# RECORDS SHOWN
***

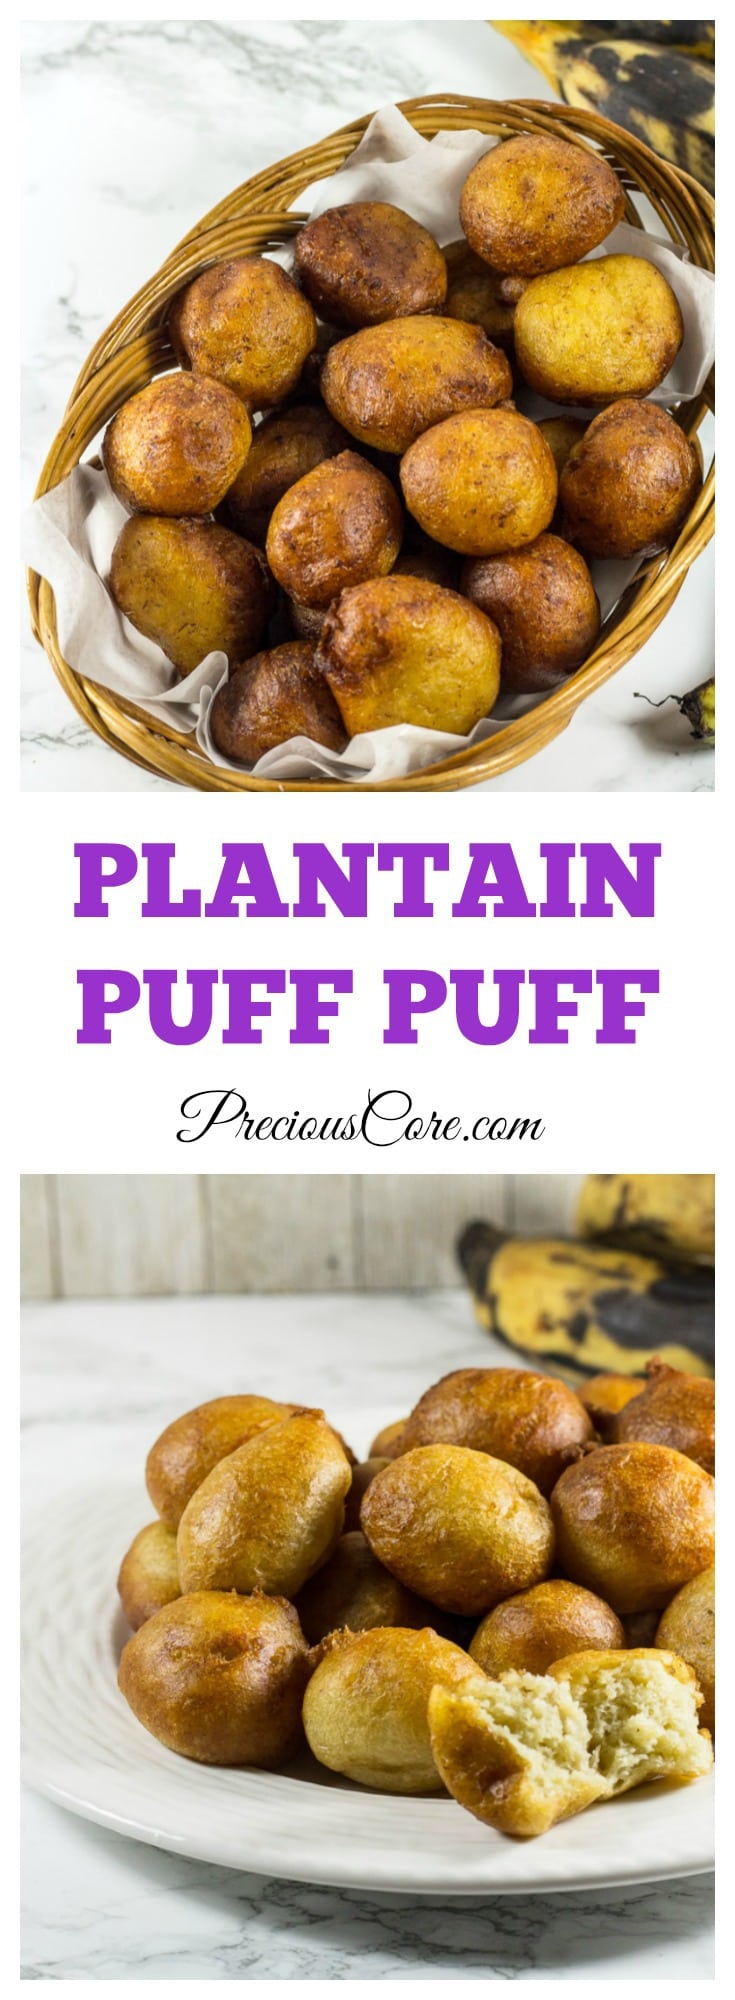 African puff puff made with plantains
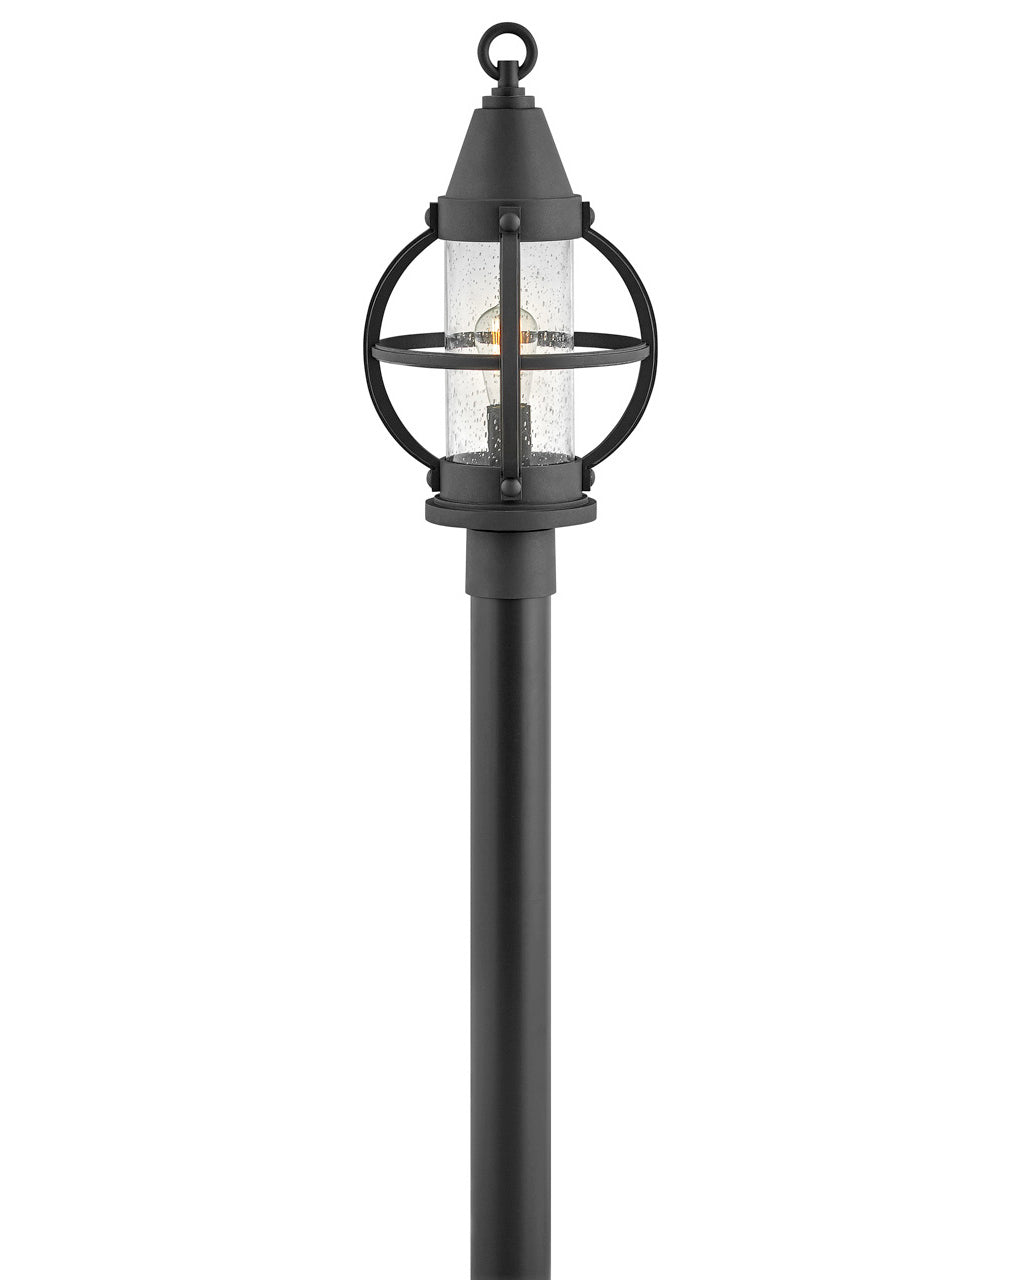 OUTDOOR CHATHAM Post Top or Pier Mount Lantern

***

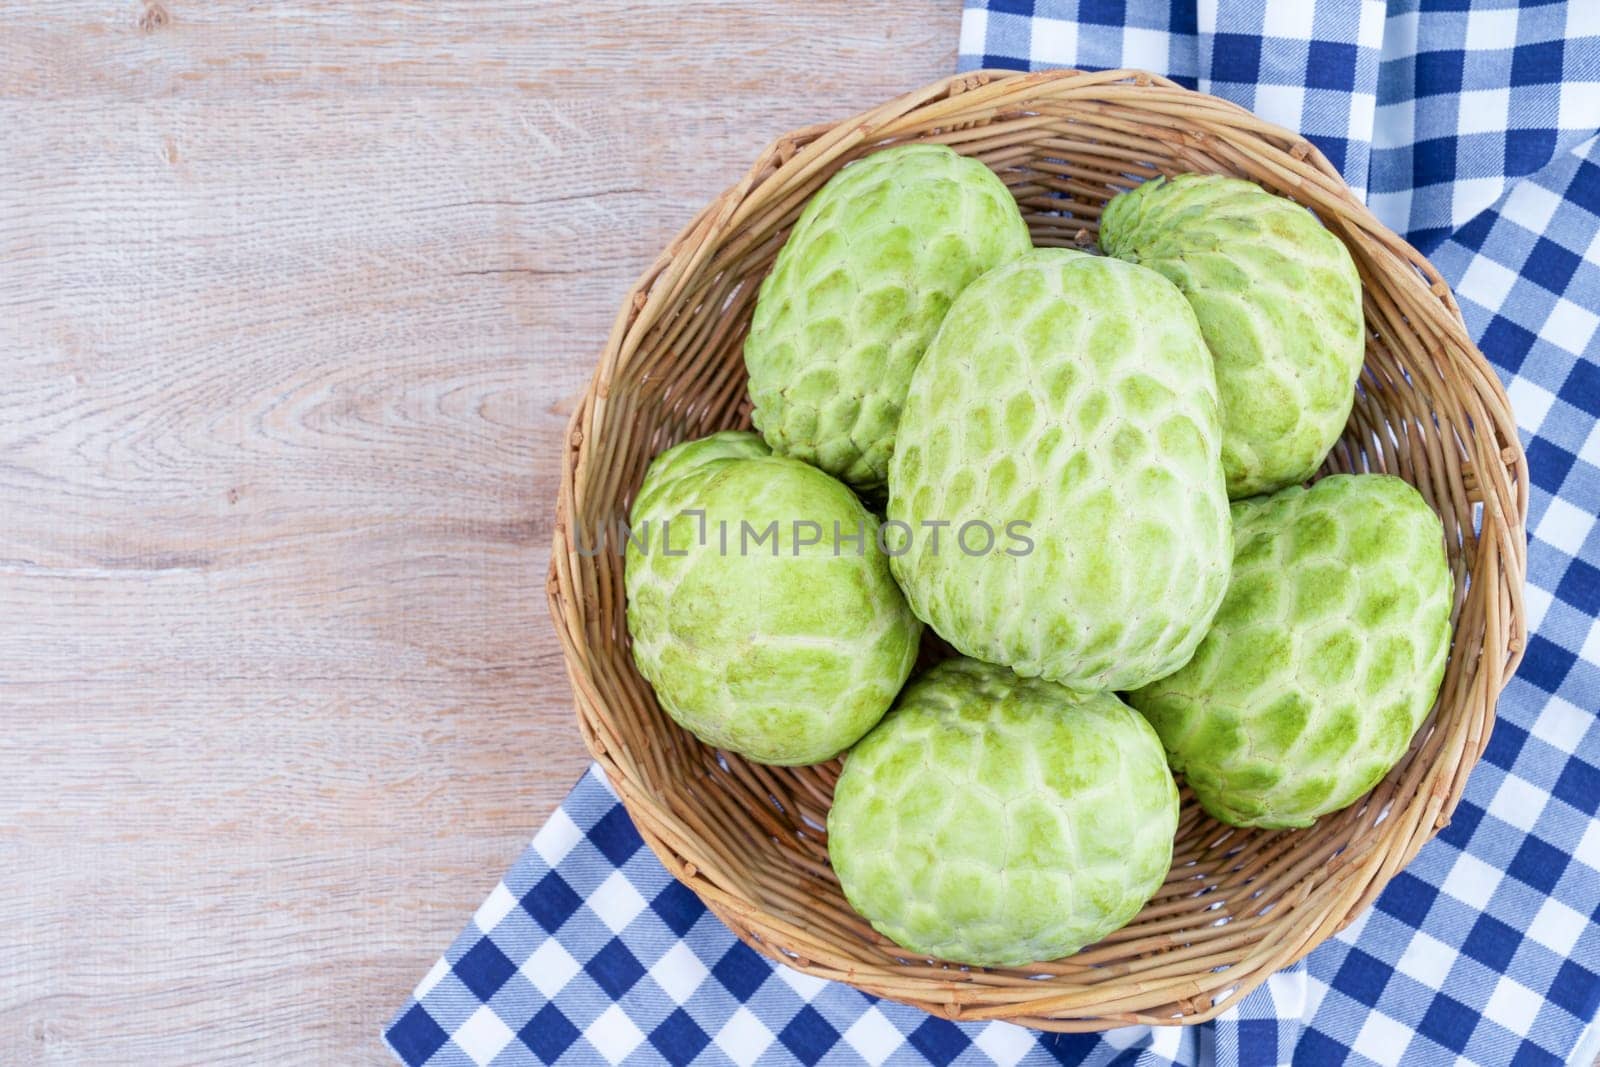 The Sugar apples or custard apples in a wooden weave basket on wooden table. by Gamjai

***

Though the entries above contain pictures, none should be copied; reproduce only the lines between the one holding "African puff puff made with plantains" and the one holding "OUTDOOR CHATHAM Post", inclusive, exactly as written.

 African puff puff made with plantains
 OUTDOOR CHATHAM Post Top or Pier Mount Lantern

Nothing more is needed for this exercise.